Мужчины обрывают крылья. Они завидуют нашим полетам. Они вообще
завистливые. Всегда голодные и ссорятся между собой. Один кричит:
"Подчиняйтесь мне, я всех умнее". А другой: "Нет, мне подчиняйтесь, я всех
быстрее бегаю". А третий; "А я всех сильнее, я могу вас поколотить". И они
дерутся между собой, им всегда тесно. Все потому, что крыльев нет. Были бы
крылья, разлетелись бы мирно.
"Какая смешная карикатура на общество! - подумал Эрл. - Действительно,
вечно голодные и всегда нам тесно. Ходим и толкаем друг друга:
"Посторонись, я тебе заплачу. Посторонись, я тебя поколочу!"
- У нас и женщины такие же, - сказал Эрл. - Каждая хочет, чтобы все другие
ей подчинялись и завидовали и чтобы она лучше всех была одета - красивее и
богаче.
- Понимаю, - отозвалась Гарпия. - Когда девушка возвращается от мужчин, она
тоже становится злой. И сторонится подруг, и все смотрится в блестящие
лужи, вешает на себя ленты и мажет красной глиной щеки. И тоже ей тесно,
она все плачет и жалуется. Все оттого, что крыльев нет уже.
- Очень странно! - повторил Эрл. - Какая-то нелепая игра природы.
- Почему же нелепая? - возразила Гарпия. - Ведь у муравьев точно так же. А
муравей, можно сказать, человек среди букашек.
В ее огромных зрачках, зеленовато-черных, как у кошки, извивалось пламя.
Она напряженно думала. Наверное, за всю жизнь ей не приходилось так много
думать, как последние недели.
- А ты не похож на наших мужчин, - произнесла она после долгой паузы. - Они
маленькие, сутулые, а ты большой. Ты не станешь драться за ветку с плодами,
за хижину. Возьмешь, что понадобится и уйдешь. Я как увидела тебя, сразу
поняла, что ты лучше всех. Наши мужчины такие скучные, такие крикливые.
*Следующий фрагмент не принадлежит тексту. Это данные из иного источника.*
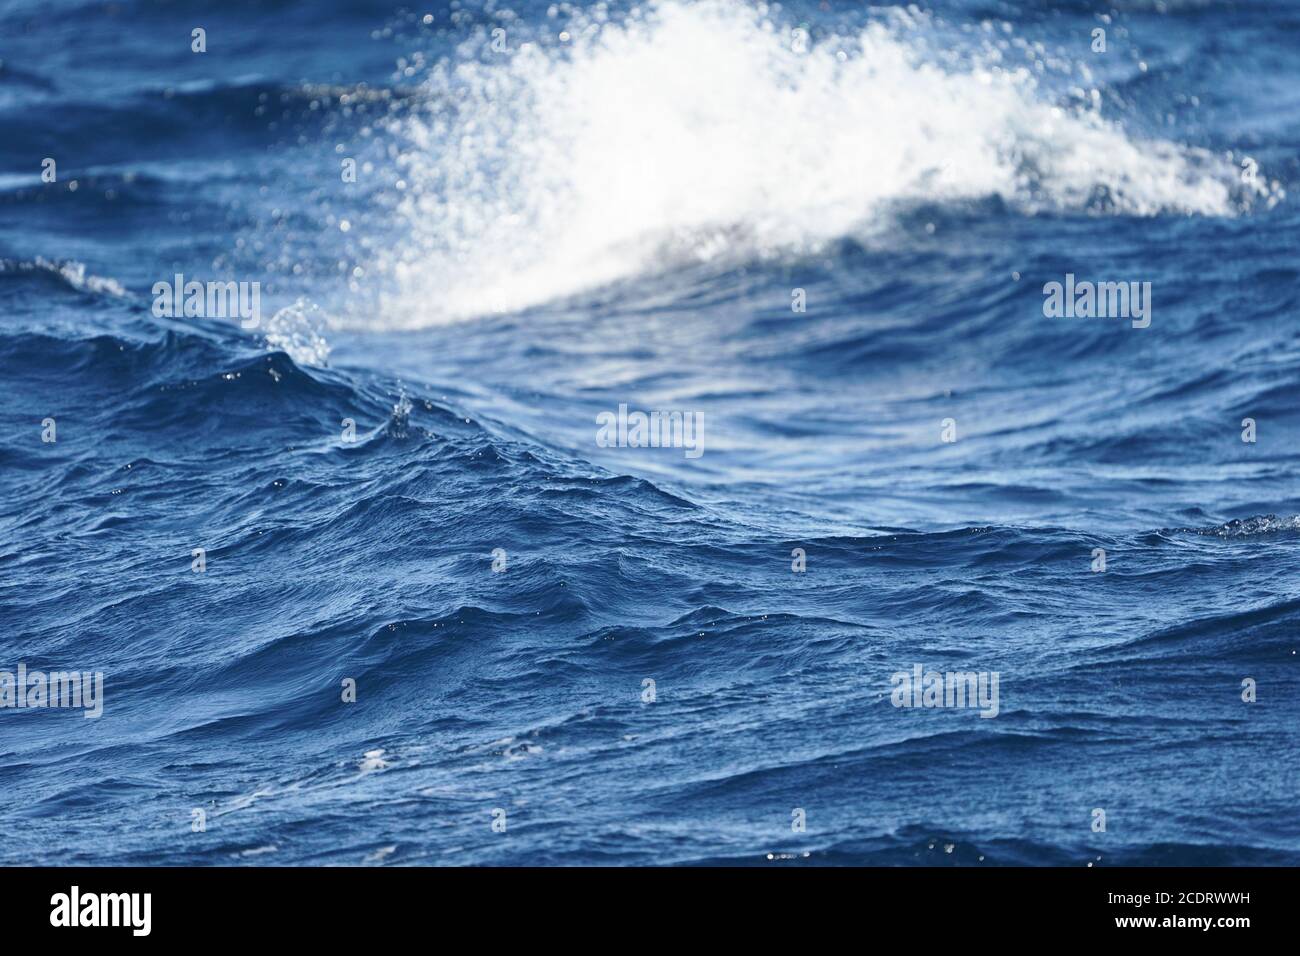 Waves on open sea, Andalusia, Spain. Stock Photo

Скажи, зачем девушки летают к ним?
- Не знаю... любовь, наверное...
- А что такое любовь? - Брови Гарпии очень высоко поднялись над громадными
глазами.
Что такое любовь? Столько раз в жизни Эрл повторял это слово, а сейчас не
мог ответить. Что такое любовь? Всђ называют этим емким словом: неукротимую
страсть, и похрапывание в супружеской постели, и встречу в портовом
переулке, и салонный флирт, и всепоглощающее чувство, ведущее на подвиг,
или на самоубийство, или на самопожертвование.
- Вот приходит такая пора в жизни, - невнятно объяснил Эрл, - беспокойство
такое. И в груди щемит - здесь. Ищешь кого-то ласкового, кто бы стоял рядом
с тобой. И горько и радостно, и места себе не находишь. Так начинается
любовь.
- Понимаю, - прервала его Гарпия. - У меня бывало такое беспокойство
раньше. Тогда я улетала за горы, далеко-далеко, носилась вверх и вниз,
уставала, тогда успокаивалась. А теперь я прилетаю сюда, сажусь у костра,
смотрю на тебя, и больше мне ничего не нужно.
Она подняла на Эрла большие чистые глаза, как бы с немой просьбой
объяснить, что же такое творится в ее душе, и Эрл отвернулся, краснея. Там,
в цивилизованных странах, его считали красивым. Не раз он выслушивал
полупризнания светских женщин, уклончивые, расчетливые и трусливые. Он
наизусть знал, какими словами принято отвечать кокеткам, произносил их
машинально. Он никогда не смущался, сегодня это случилось в первый раз.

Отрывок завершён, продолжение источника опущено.